Records excerpted from a collection
↓
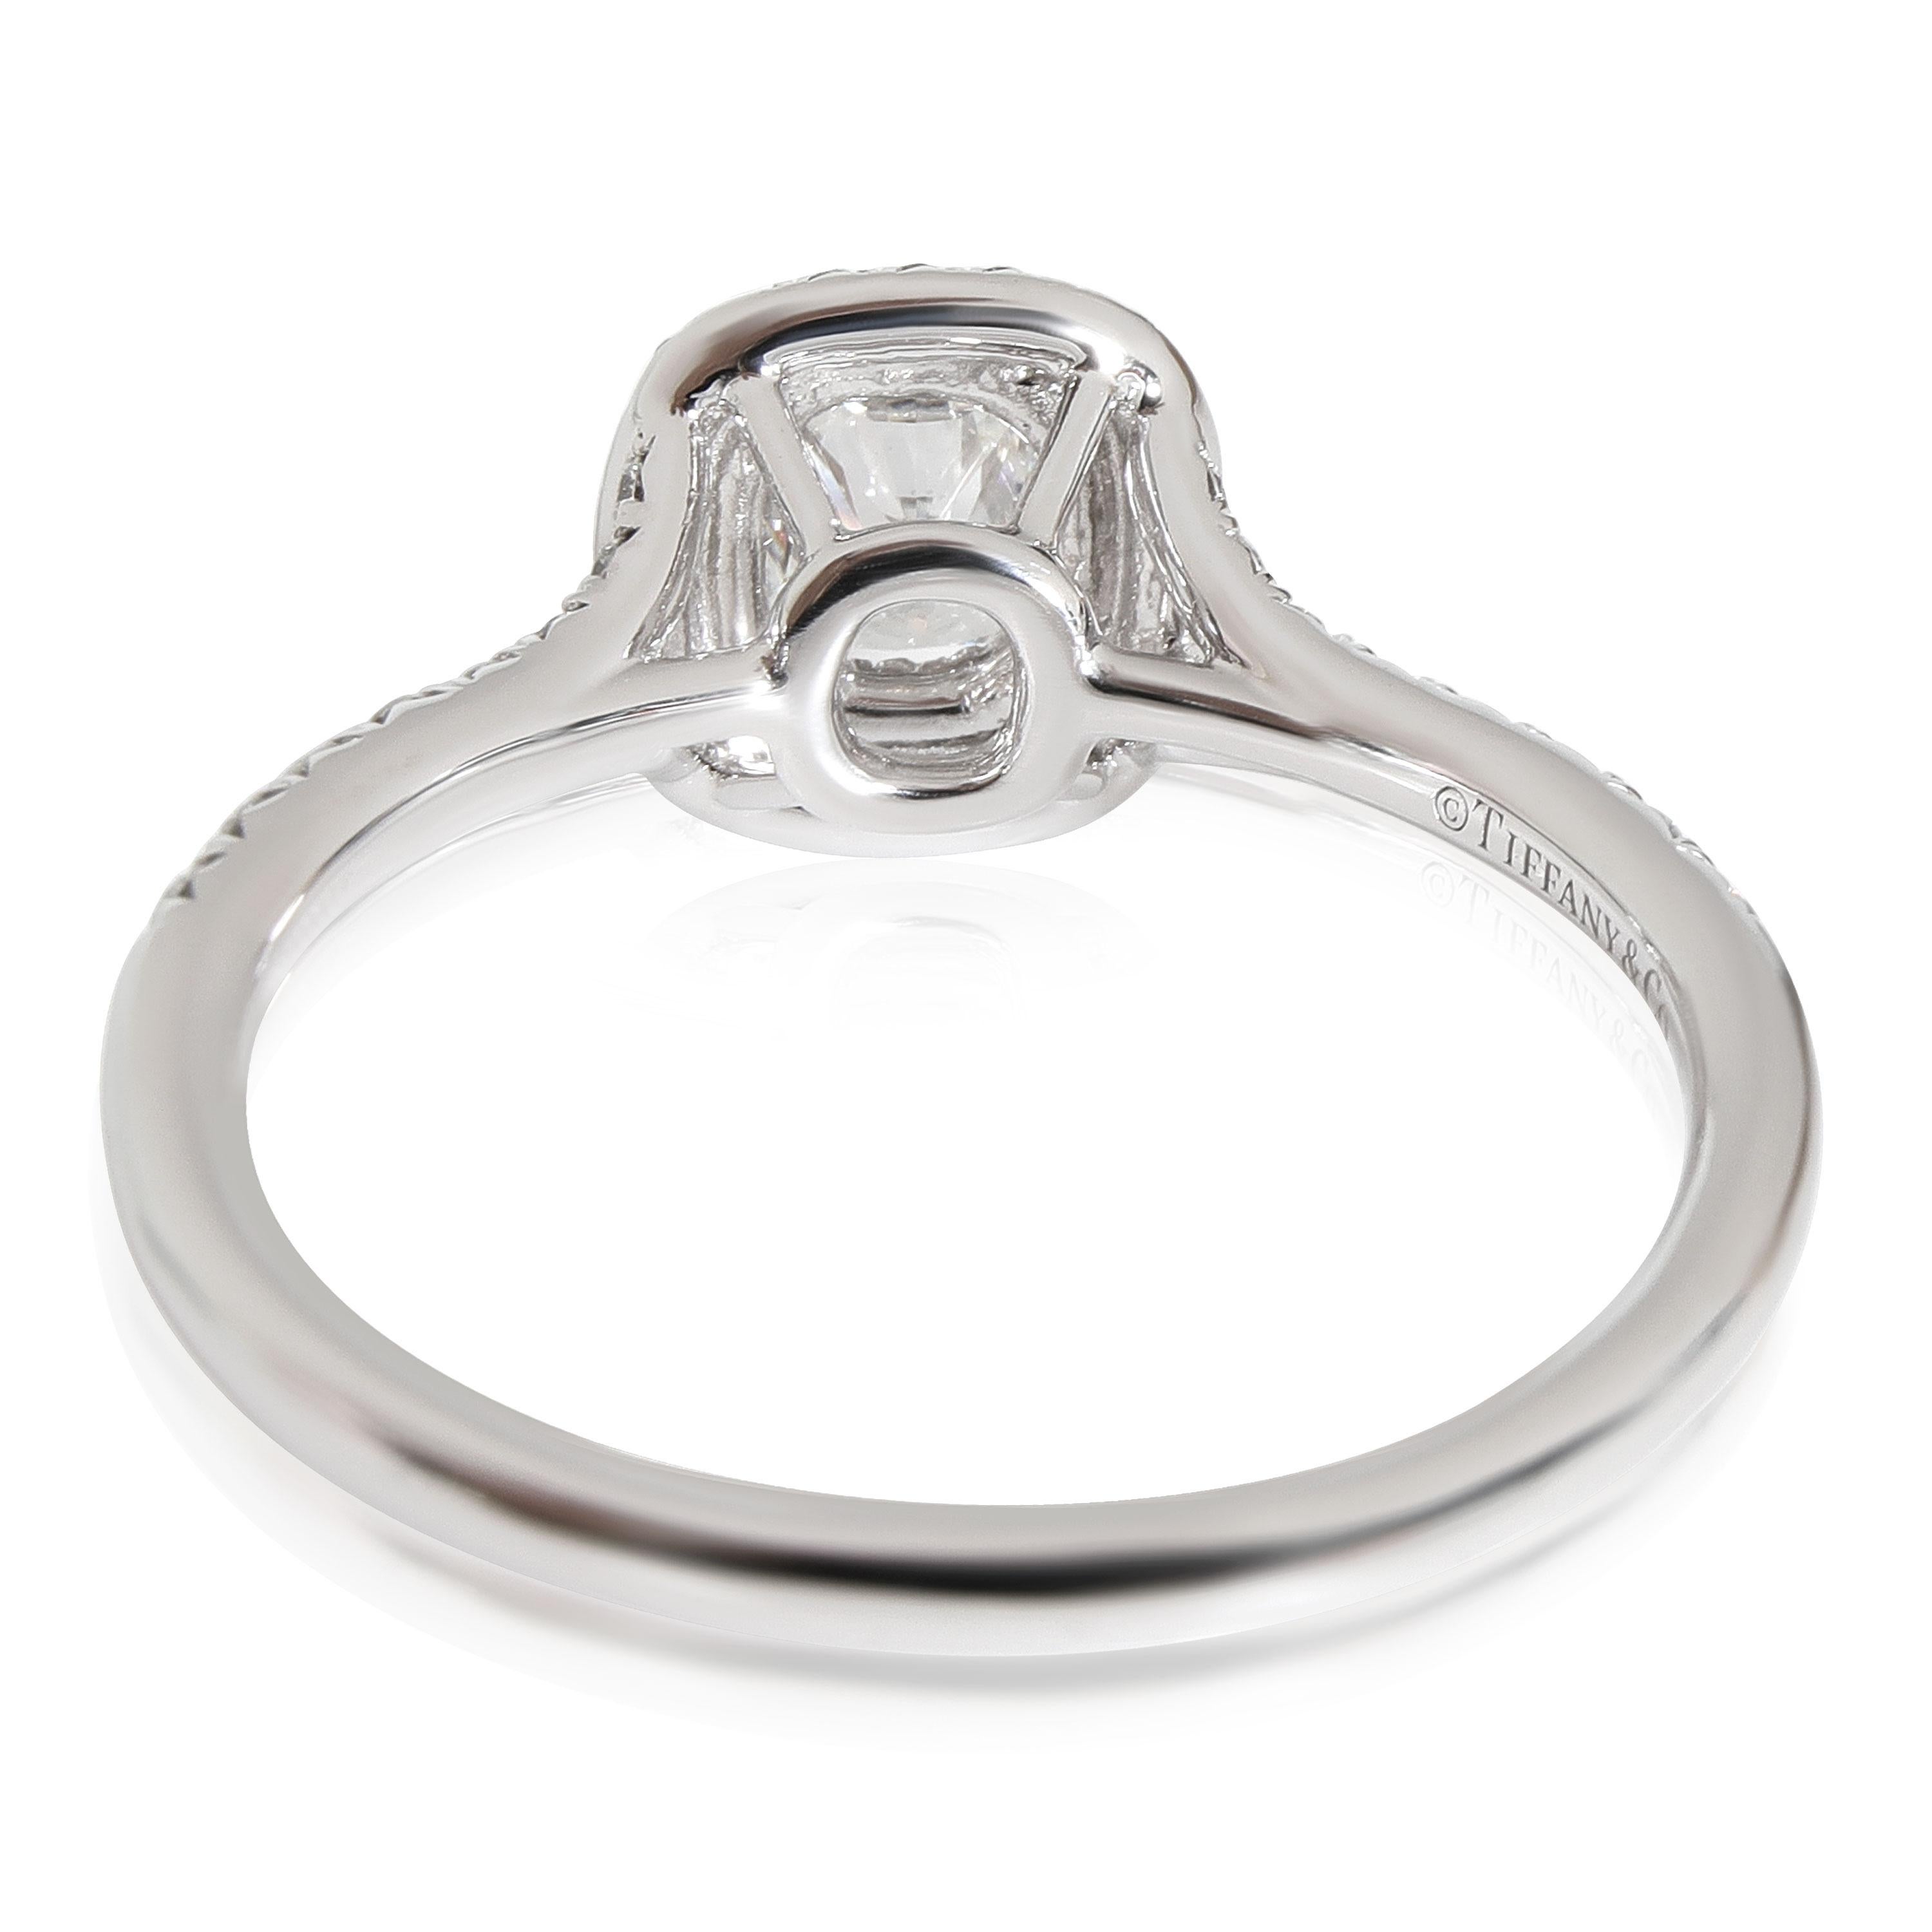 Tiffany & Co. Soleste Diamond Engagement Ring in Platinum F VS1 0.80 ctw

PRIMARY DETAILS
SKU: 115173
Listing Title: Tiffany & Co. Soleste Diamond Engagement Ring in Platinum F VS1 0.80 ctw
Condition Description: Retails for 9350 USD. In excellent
↑
* [EXERCISE BRIEF]:
Please set down each line of the data above exactly as written, without the pictures.

* [RESPONSE]:
 Tiffany & Co. Soleste Diamond Engagement Ring in Platinum F VS1 0.80 ctw

PRIMARY DETAILS
SKU: 115173
Listing Title: Tiffany & Co. Soleste Diamond Engagement Ring in Platinum F VS1 0.80 ctw
Condition Description: Retails for 9350 USD. In excellent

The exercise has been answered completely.